Supplied entries -

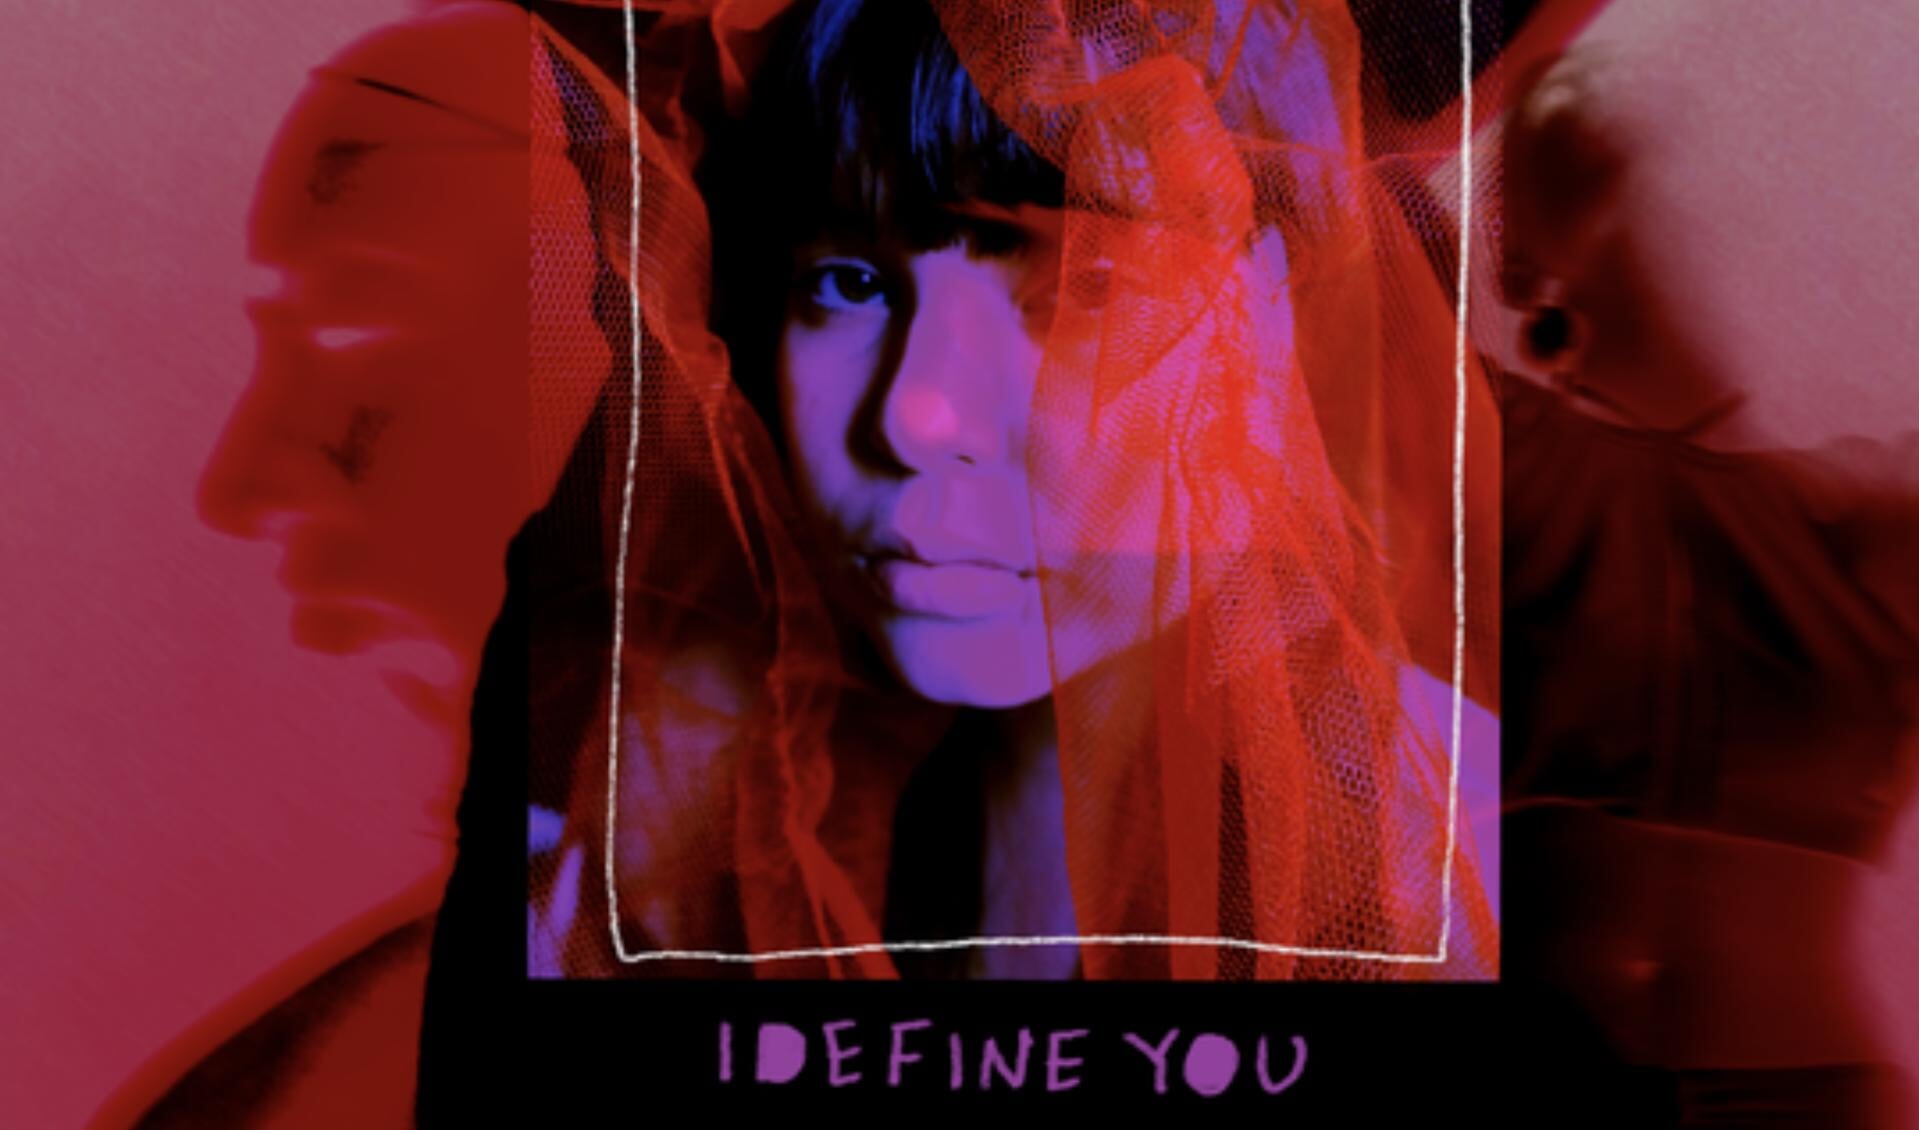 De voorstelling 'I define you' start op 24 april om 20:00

==

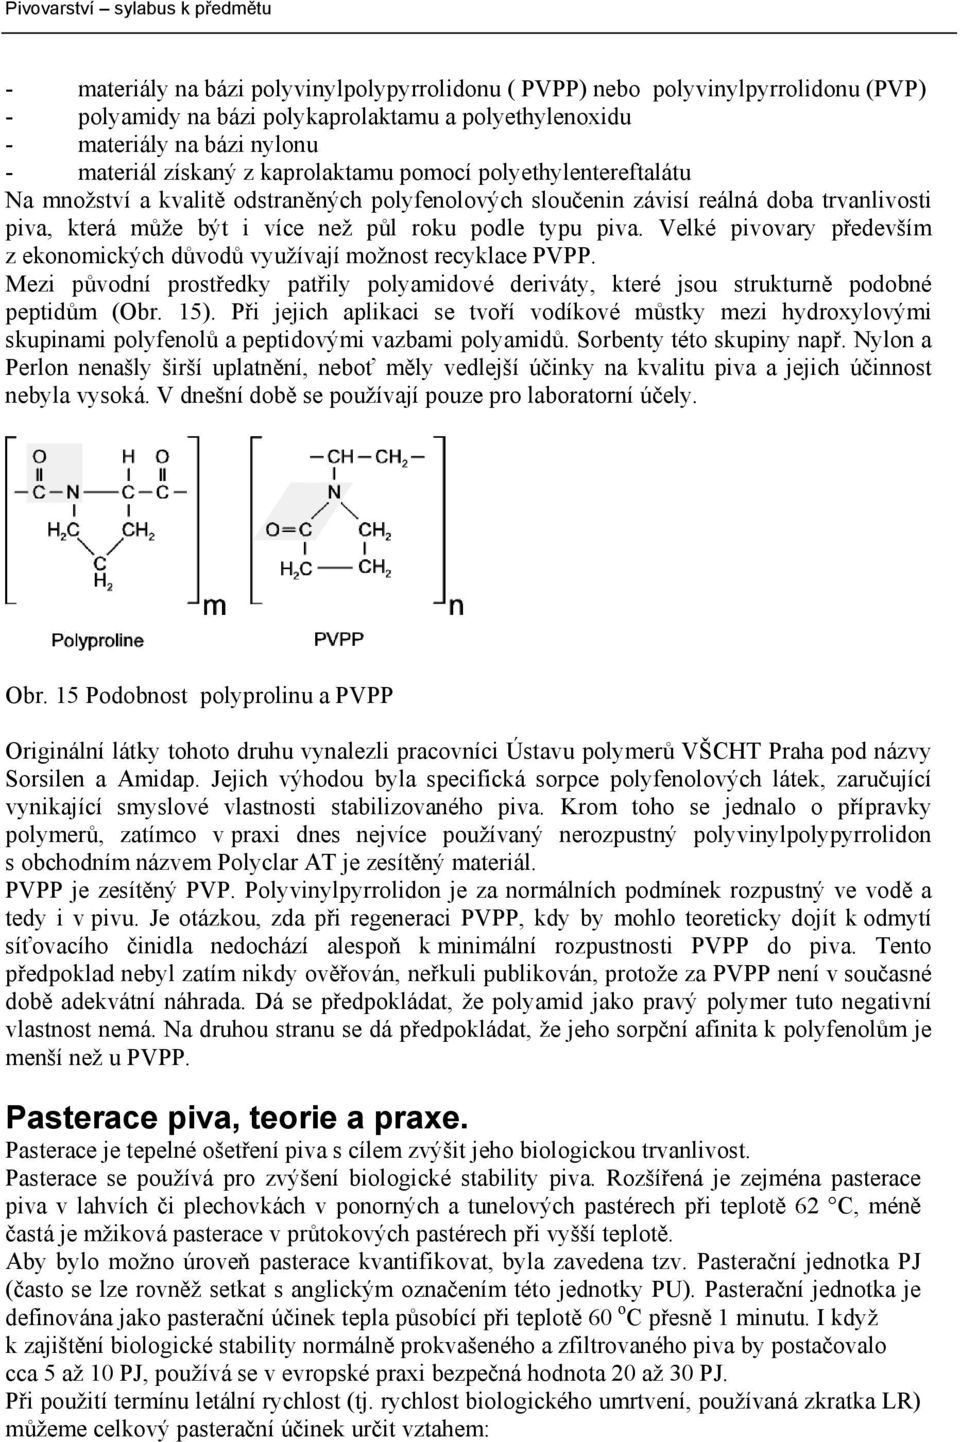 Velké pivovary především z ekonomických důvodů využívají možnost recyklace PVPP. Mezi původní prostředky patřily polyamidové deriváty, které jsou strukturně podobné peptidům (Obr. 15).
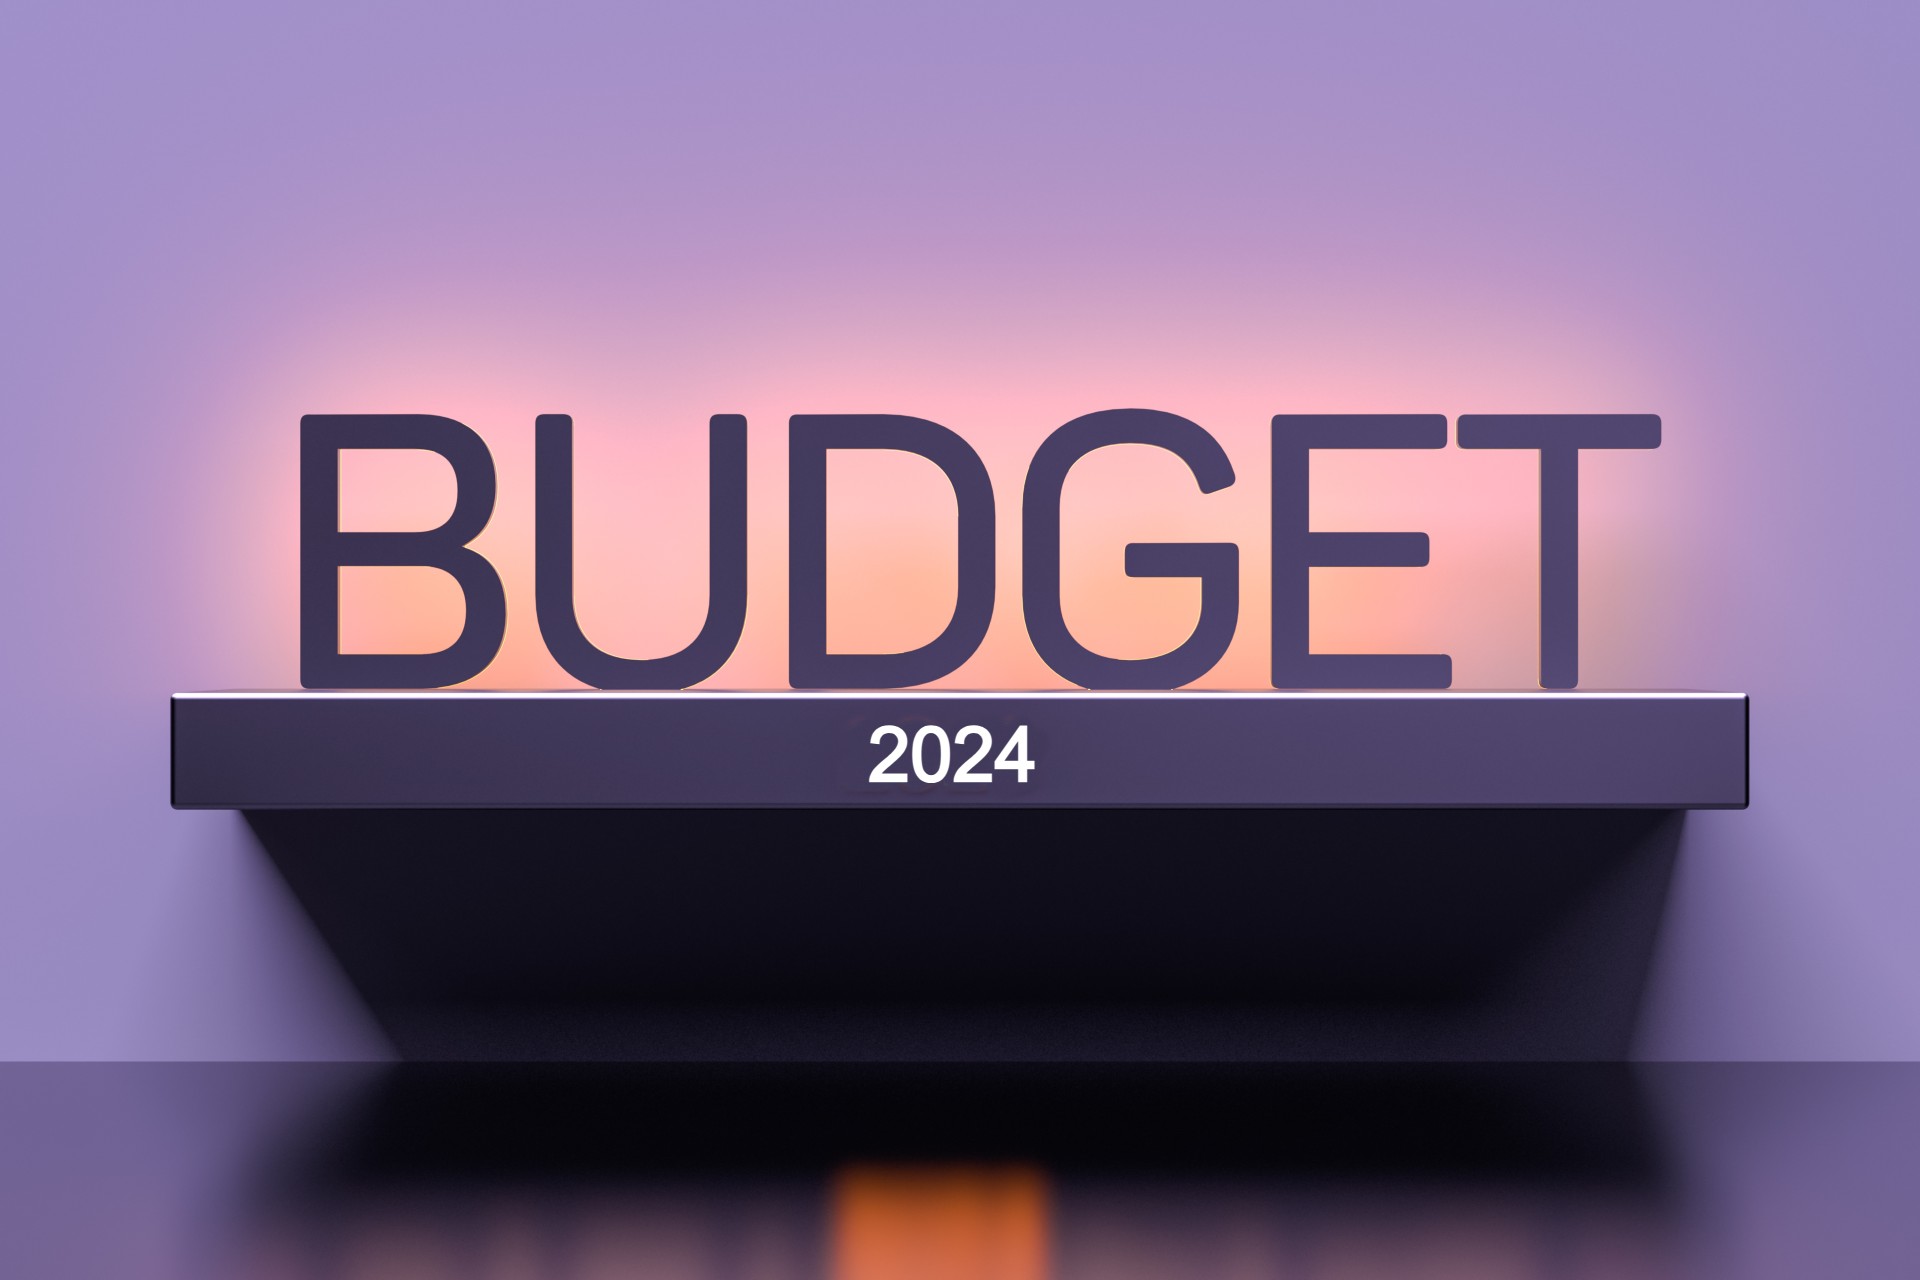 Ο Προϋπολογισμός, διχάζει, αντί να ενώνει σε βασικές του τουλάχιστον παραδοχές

...

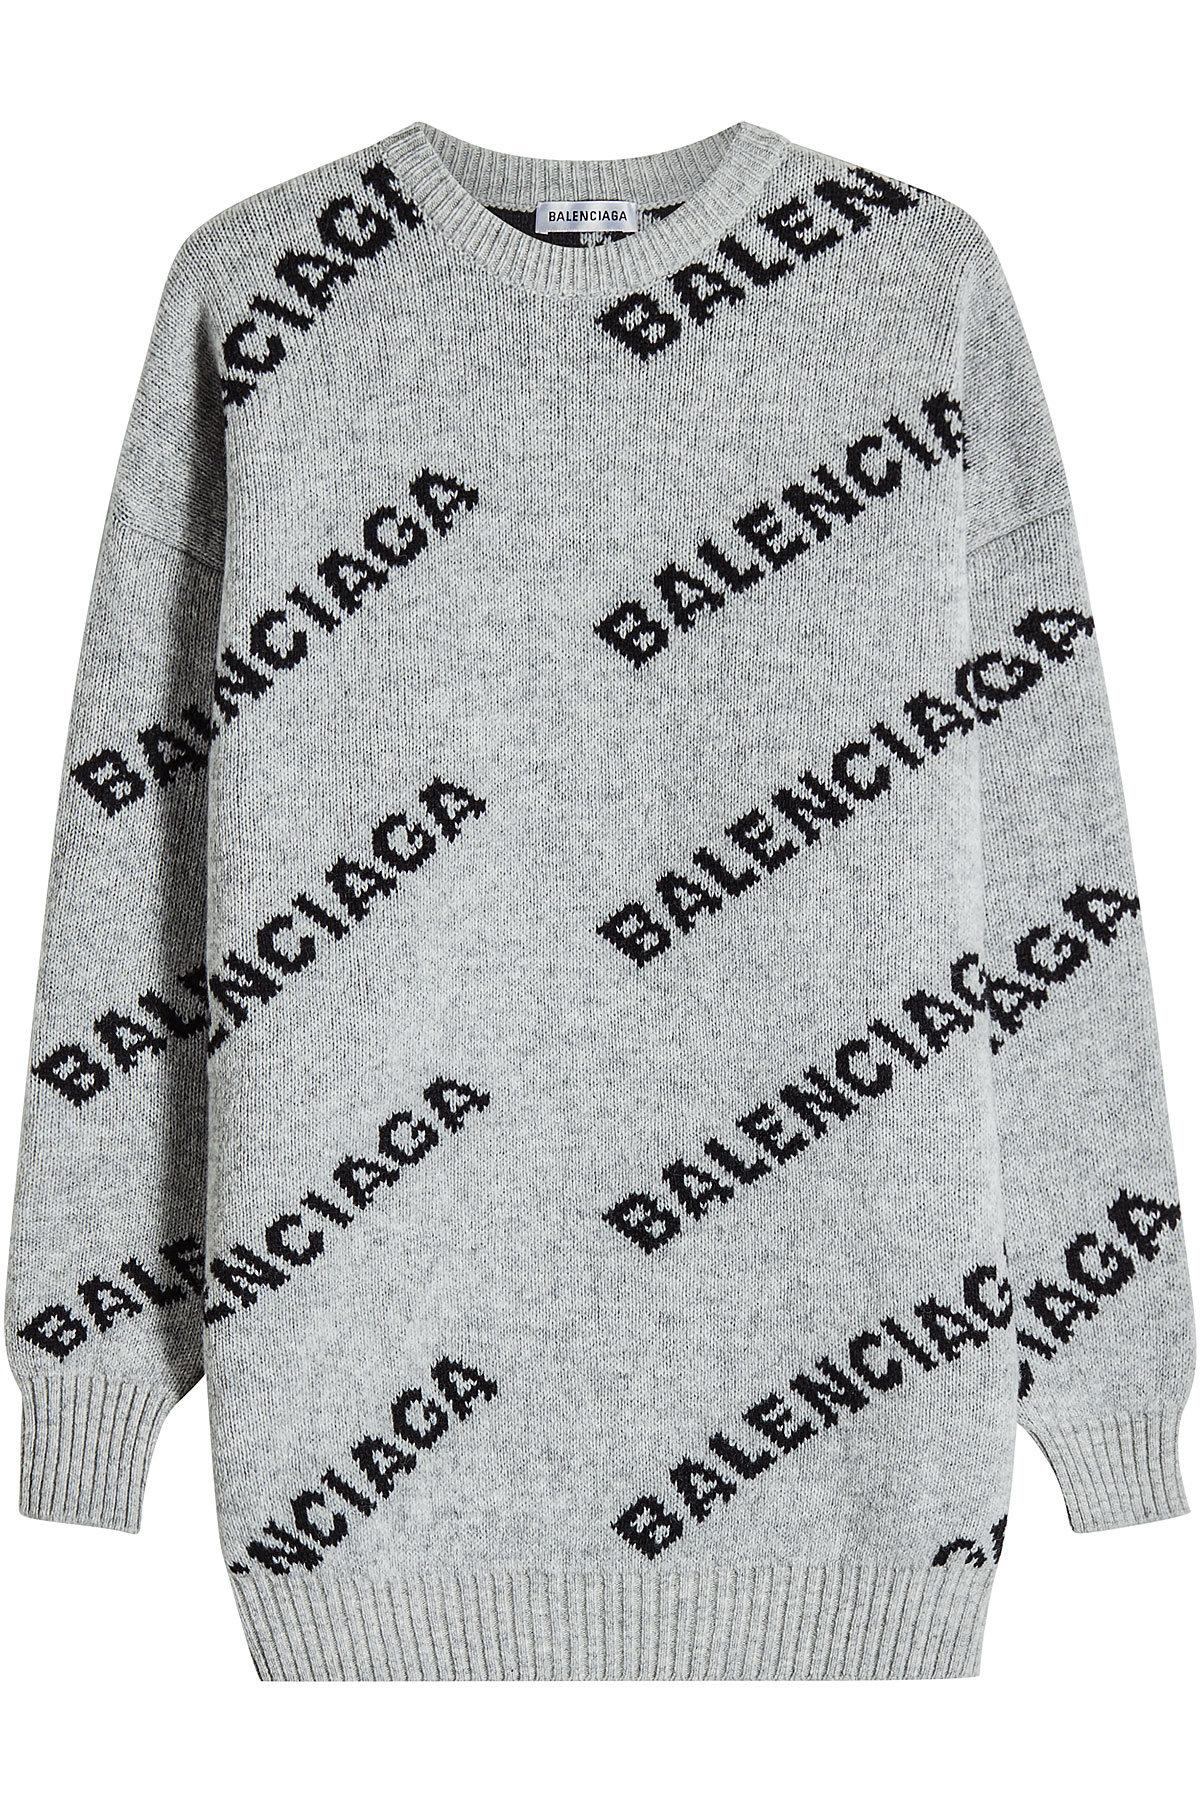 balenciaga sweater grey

Assigned task - Word for word, restate the lines above from the one with "Velké pivovary především" through the one with "Ο Προϋπολογισμός, διχάζει, αντί", keeping both ends and dropping the pictures.

Exercise response -
 Velké pivovary především z ekonomických důvodů využívají možnost recyklace PVPP. Mezi původní prostředky patřily polyamidové deriváty, které jsou strukturně podobné peptidům (Obr. 15).
 Ο Προϋπολογισμός, διχάζει, αντί να ενώνει σε βασικές του τουλάχιστον παραδοχές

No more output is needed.